ア 規制除外車両確認申出書(別記様式第10号)
イ 第5の2の(1)のウの(イ)に規定する書類
(3) 確認の方法
確認は、申出に係る車両が第5の1に規定する車両に該当するかどうかを、提出させた書類の記載内容を確認して行うものとする。
(4) 確認標章及び除外証明書の交付
確認標章及び除外証明書を交付する手続等については、1の(2)の規定を準用する。この場合において、同イ中「当該除外証明書に係る届出済証に付してあるものと同一」とあるのは「各警察署ごとの一連番号とし、当該番号に和歌山県警察公文書管理規程(平成13年和歌山県警察本部訓令第21号)第24条に規定する所属記号を冠するもの」と、同エ中「規制除外車両確認申出受理簿(確認証明書交付簿)(別記様式第9号)」とあるのは「規制除外車両確認申出受理簿(確認証明書交付簿)(事前届出のされていない車両用)(別記様式第11号)」と読み替えるものとする。
(5) 申出者に対する指導
事前届出を行っていない車両の申出者に対する指導については、第4の1の(5)の規定を準用する。この場合において、「確認証明書」とあるのは「規制除外車両確認証明書」と、「緊急通行等業務」とあるのは「緊急通行に係る業務」と読み替えるものとする。
第7 確認標章の交付件数の報告
1 交通部高速道路交通警察隊長及び警察署長は、災対法第76条第1項の規定により交通規制を実施したときは、緊急通行車両に対する標章交付件数報告書(別記様式第12号)及び規制除外車両に対する標章交付件数報告書(別記様式第13号)により、標章の交付件数を交通規制課長に報告するものとする。
2 報告の要領については、災害発生時に別途指示する。
第8 その他
1 災害対策に従事する自衛隊、米軍及び外交官に関係する車両であって、特別の自動車番号標を有しているものは、確認標章及び確認証明書の備付けを要しないものとして整理するため、この要領の規定を適用しない。

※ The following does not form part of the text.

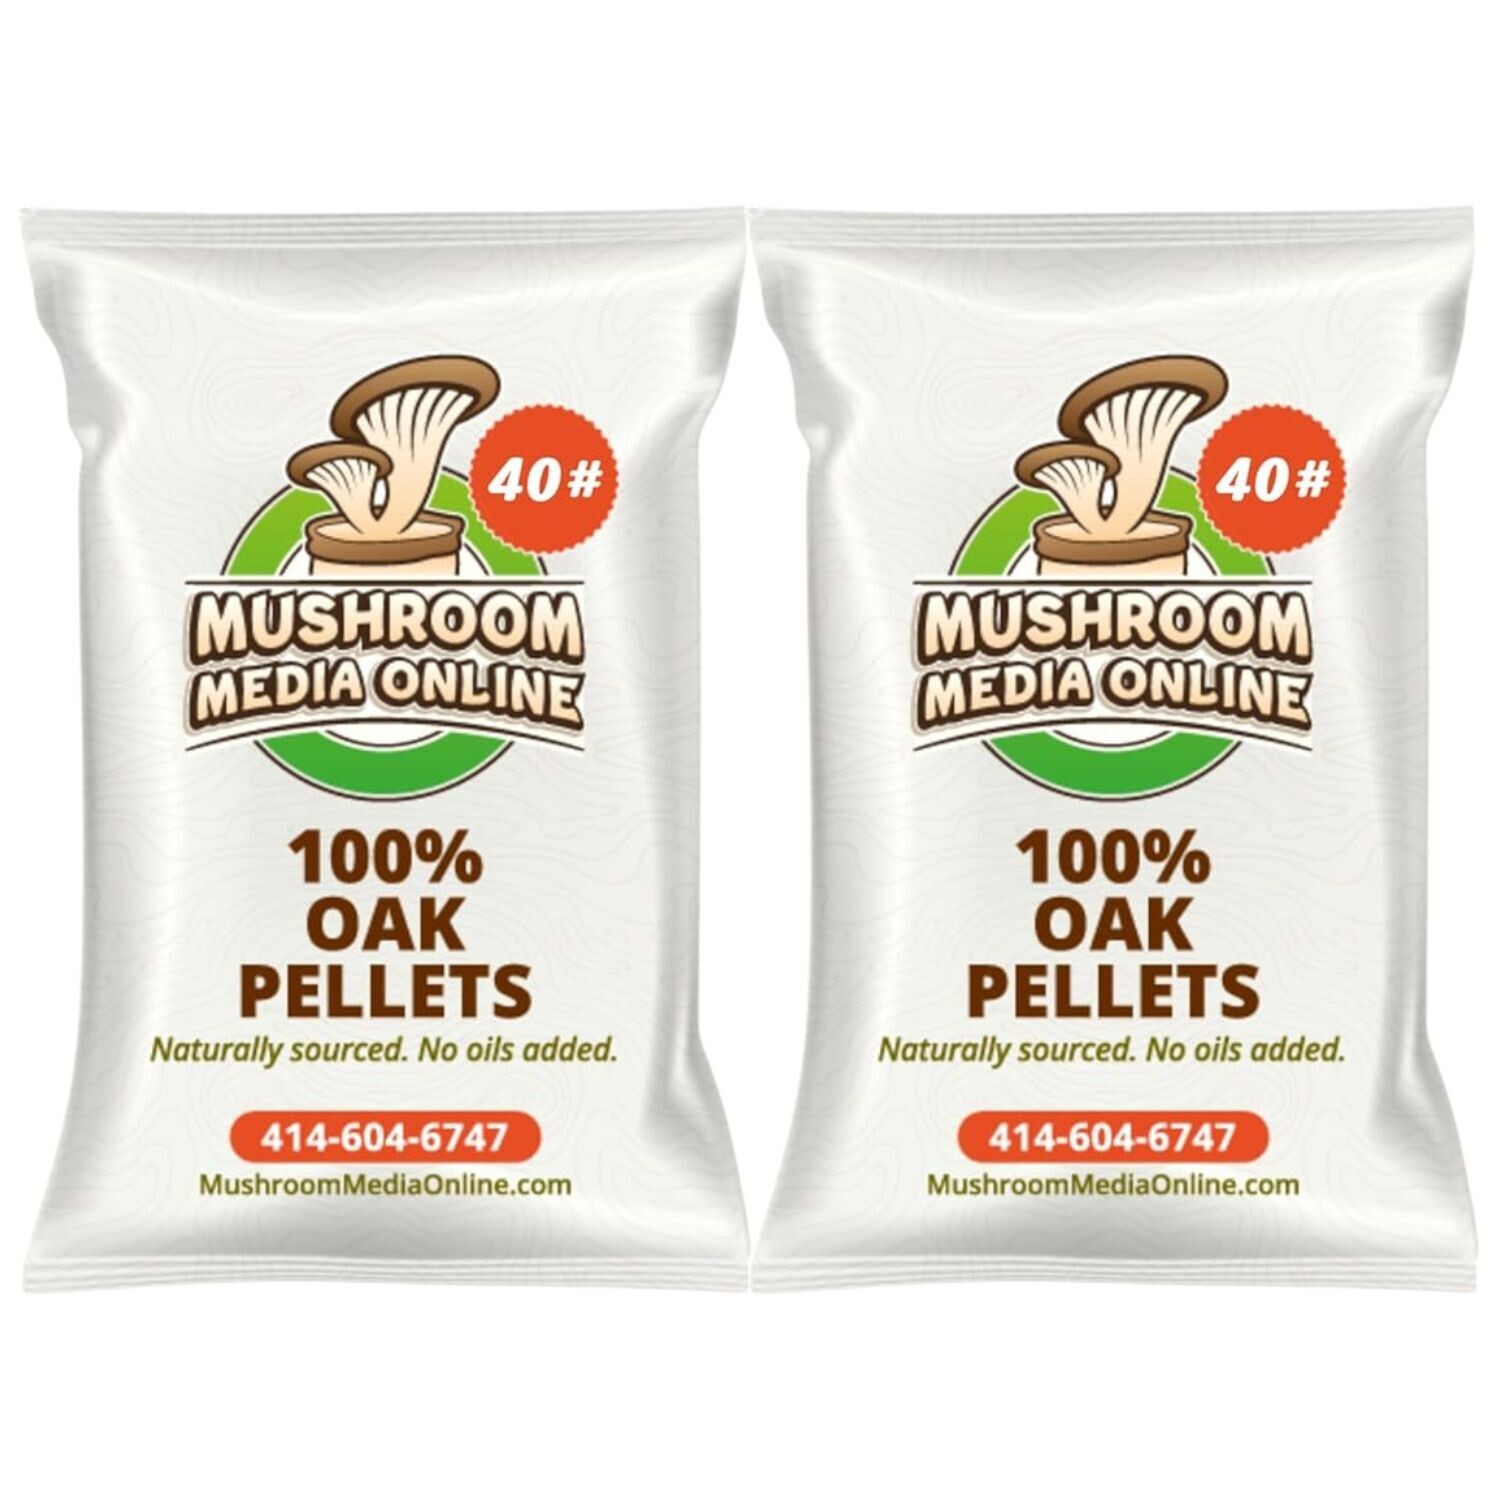 80# 100% Oak Mushroom Pellets - Free shipping

2 規制除外車両に係る事前届出をした後に指定行政機関等との契約等により災害応急対策に使用されることとなった車両を緊急通行車両等として取り扱うときは、当該車両について、緊急通行車両等に係る事前届出を行わせること。
第9 経過措置
この要領の施行の際現にこの通達による廃止前の「緊急通行車両の事前届出・確認手続等要領の制定について(例規)」(平成9年2月21日付け交規第6号)の規定に基づき交付した緊急通行車両事前届出済証は、この要領の規定により交付した緊急通行車両等事前届出済証とみなす。